これからの薬剤師に必要なスキルや知識は以下のとおりです。
- デジタル技術の活用能力
- コミュニケーション能力
- 専門的な薬学知識
- 予防医療の知識
デジタル技術の活用能力
薬局ではデジタル化が急速に進んでいるため、これからの薬剤師はデジタル技術を使いこなす能力が欠かせません。デジタル技術を適切に活用すれば薬剤師の業務を大幅に効率化できます。薬剤師は以下のデジタル技術を使いこなす必要があります。
- 電子薬歴
- オンライン服薬指導
- 電子処方箋
- 薬局内デジタルツール
- チャット・SNS
デジタル技術を使いこなせば薬剤師の業務の効率が上がるだけでなく、患者により良いサービスを提供することにもつながります。

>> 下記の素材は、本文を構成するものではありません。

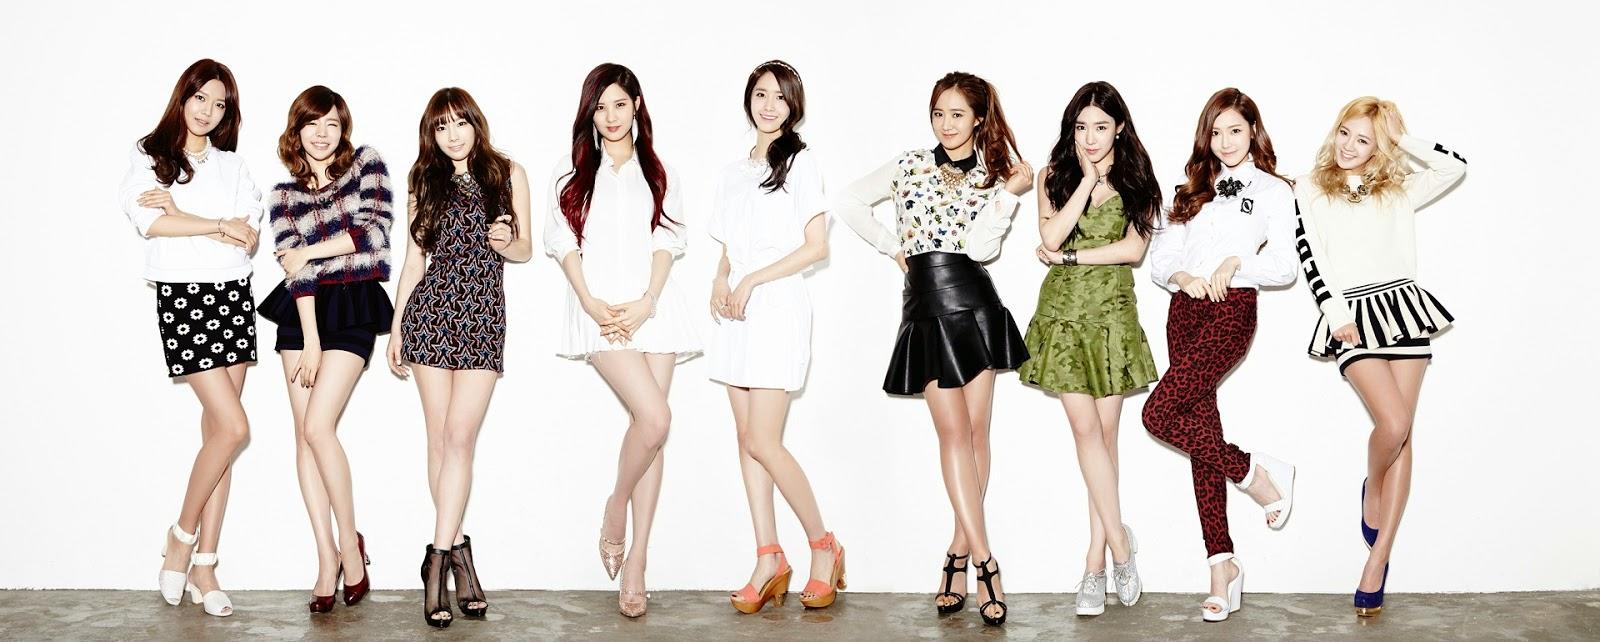 girls generation hd - photo #19
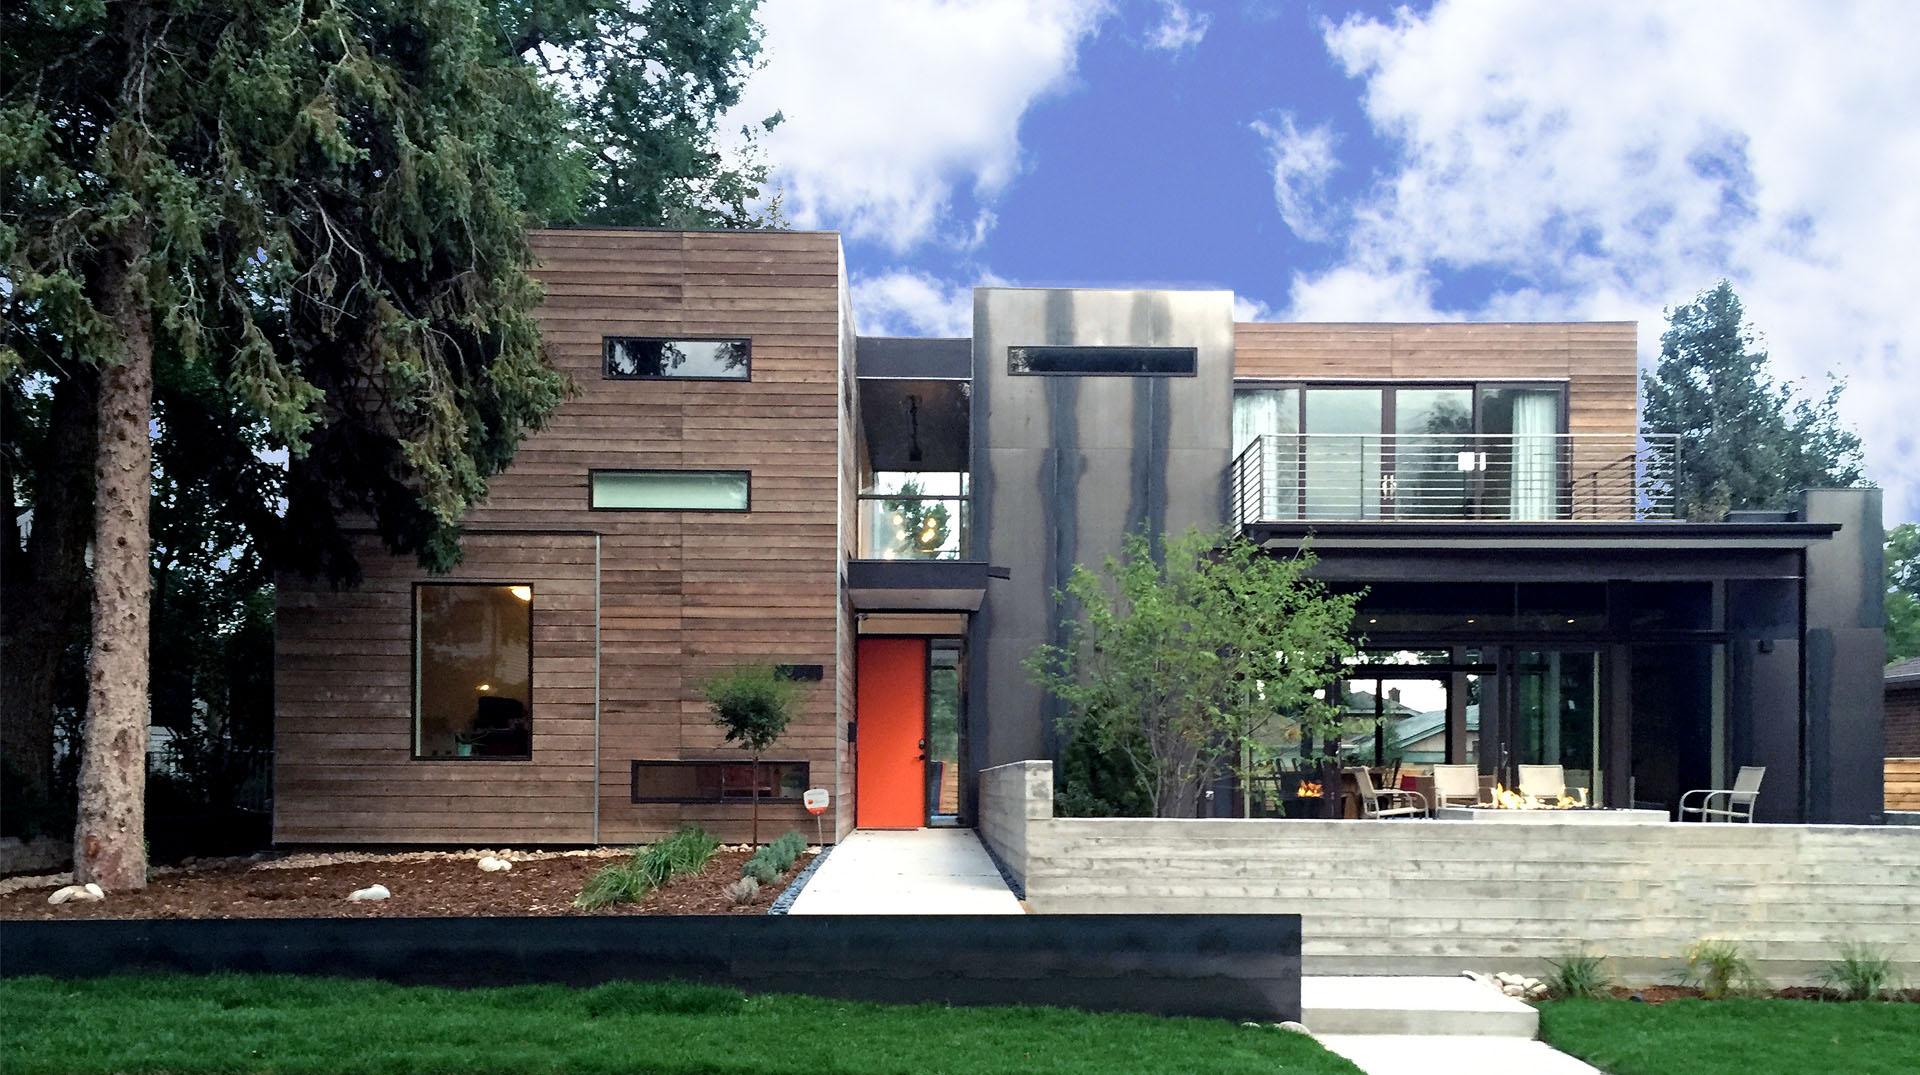 Best Kitchen Gallery: Architectural And Modern Landscaping In Washington Park Denver of Modern Denver Homes  on rachelxblog.com

» 薬剤師がリモートワークできる職種6選とメリット・デメリットを解説
コミュニケーション能力

これからの薬剤師には患者や他の医療スタッフと良好な関係を築くためのコミュニケーション能力が不可欠です。薬を正しく安心して使ってもらうためには、相手との信頼関係を築く必要があります。患者の不安や悩みに耳を傾けて本音を引き出す力や、難しい専門用語をわかりやすく説明する力が薬剤師に求められています。
医師や看護師など他の専門家と協力して治療を進める力も薬剤師には必要です。在宅医療やオンラインでの服薬指導など、新しい医療の形が広がる中でもコミュニケーション能力は欠かせません。人間ならではの対話スキルは機械やAIに負けない薬剤師として活躍するための大きな強みとなります。
専門的な薬学知識
医療は日々進歩しており新しい治療法や薬が次々と登場しています。これからの薬剤師は医療業界の変化に対応するために、より専門的な薬学知識を身に付けることが大切です。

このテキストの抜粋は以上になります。